Full Disclosure: I work with Joe @ VMware

------
GauntletWizard
I have to bring up Jsonnet [1] in every one of these discussions. Jsonnet
isn't the tool you want for managing a complex stack of configurable objects,
but it is the tool you need. Jsonnet gets big and ungly and unweildy at a
certain point, and that is also coincidentally the point where you need to
have rethought your model and refactored your config, just as much as your
code.

Simple yaml is just fine, even repetitive simple yaml, and you're often better
off building tooling to make repetitive updates rather than condense your
config. Jsonnet is for building when you've got dozens rather than handfuls of
objects.

Well defined Kubernetes objects don't actually take that much configuration,
don't generally need templating. Typically, my production and staging
environments are precisely the same deployment definition, except image and
replicas. Replicas isn't defined in the document - it's part of the working
state rather than something that gets "configured" (i.e. that field is owned
by an HPA, even if it's min and max values are the same)
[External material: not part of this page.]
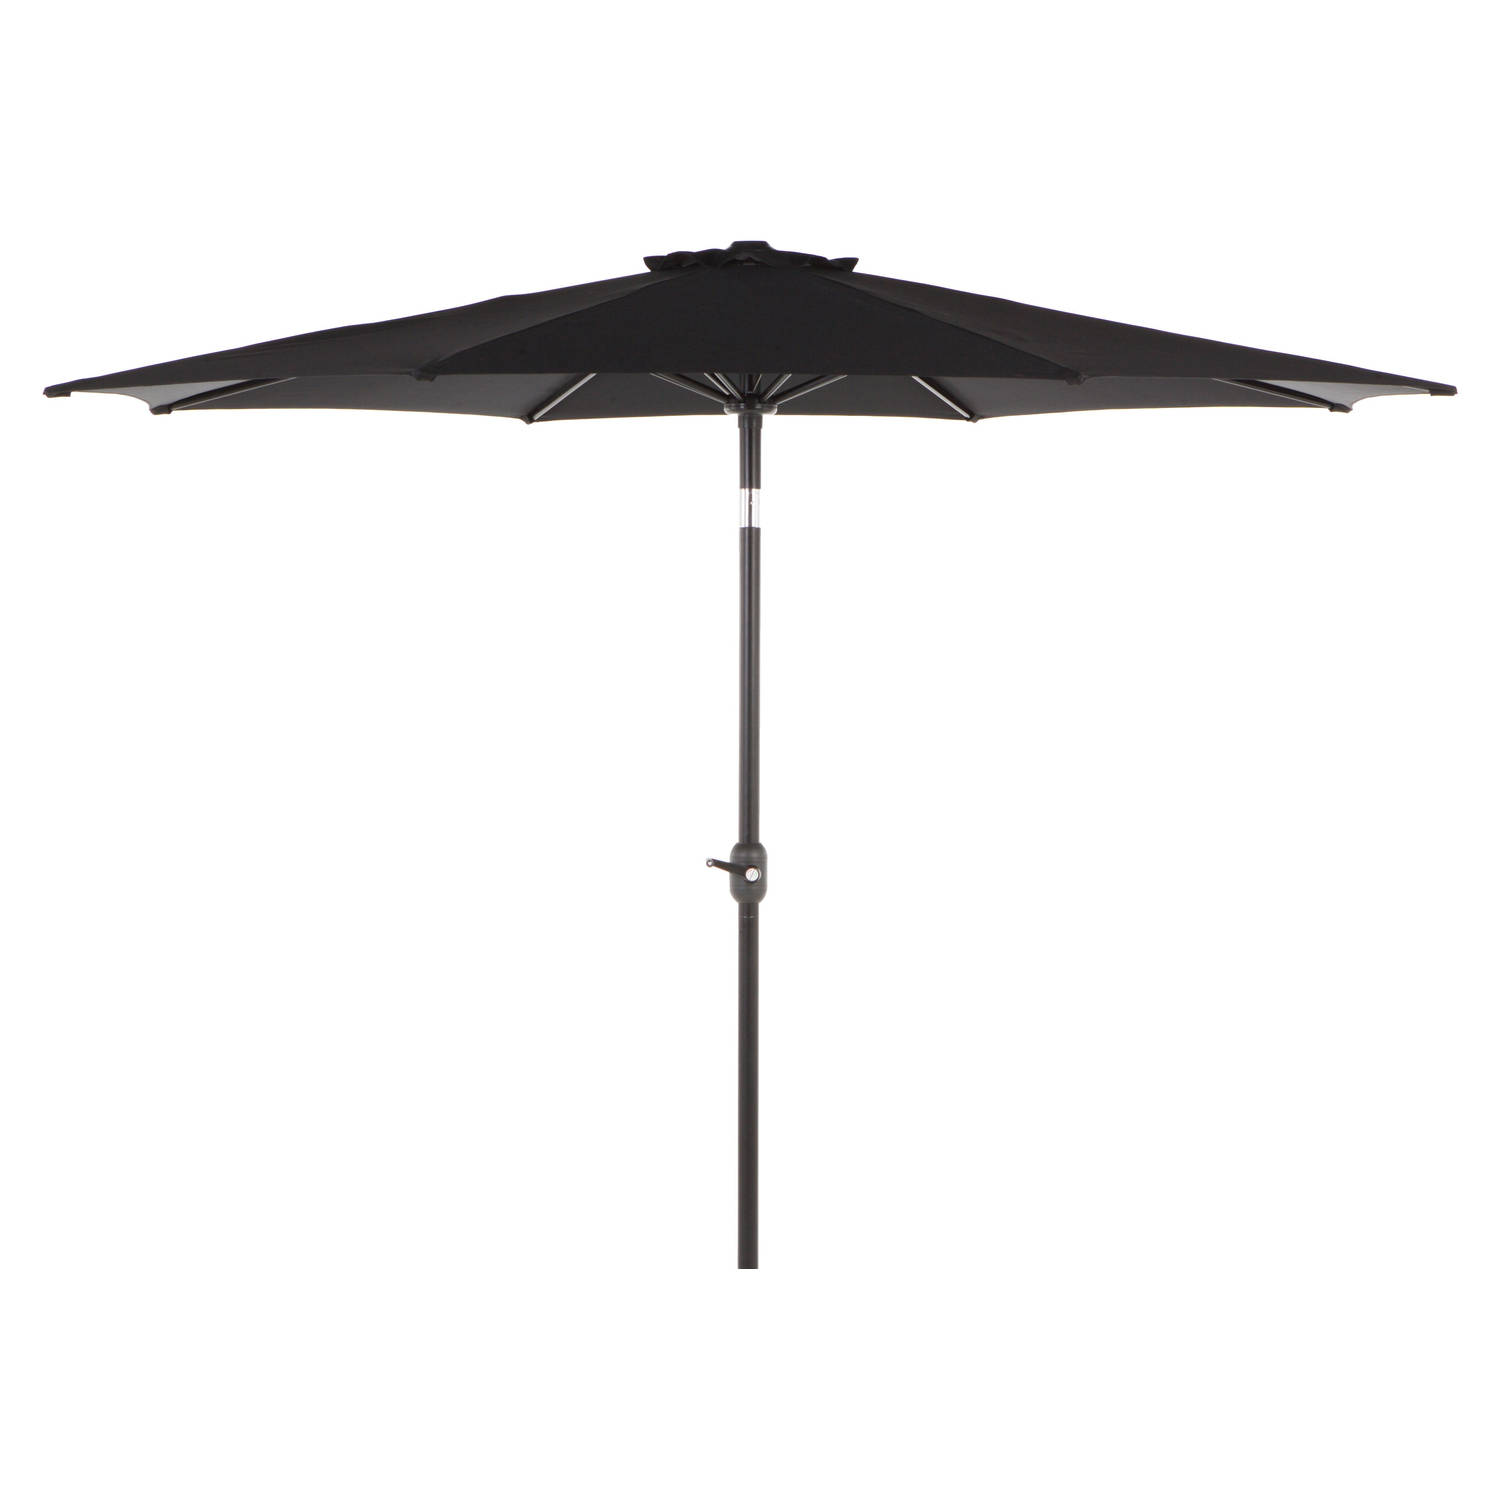 Surla zonnescherm parasol met tandwiel, kantelt ø3 M zwart/zwart.

All configuration is stored in Configmaps and secrets. Those are more likely
to be templated, but still probably not. If two values are the same in
production and testing (and they should be - service names are the same, with
namespace defining where they point), why configure it? Use a sane default.

[1][https://jsonnet.org/articles/kubernetes.html](https://jsonnet.org/articles/kubernetes.html)

------
markbnj
We built and deployed a new pipeline based on kustomize and have been
gradually moving some helm things over to it. The feedback from app developers
is quite good, and there's no question that it is much less obfuscating of the
underlying resources than helm is (if you follow all the chart conventions,
etc.). And then as noted in other replies it is in kubectl as of 1.14... which
I guess doesn't mean that much except it feels sort of like canonizing the
approach.

That said its design is quite opinionated and committed to a declarative
model, and there are some things you just can't do without falling back on
either generating a patch or performing unstructured edits. A good example is
something as simple as tagging an image with a string that isn't known until
build time (such as the commit sha). Another is shared configuration. You
can't glob object names and apply the same environment patch, for example, to
more than one resource. These constraints can be considered features, but
they're nonetheless constraints.

------
outside1234
Another interesting project in this space is Microsoft’s Fabrikate
([https://github.com/Microsoft/fabrikate](https://github.com/Microsoft/fabrikate)).
I like that approach better in that it separates config from resource
manifests and allows you to establish higher level components from lower level
ones.

------
sheeshkebab
Yaml engineering - now with inheritance, encapsulation, and polymorphism.
Soon, we’ll move on to functional and immutable configs augmented with
environment variables.

Good times.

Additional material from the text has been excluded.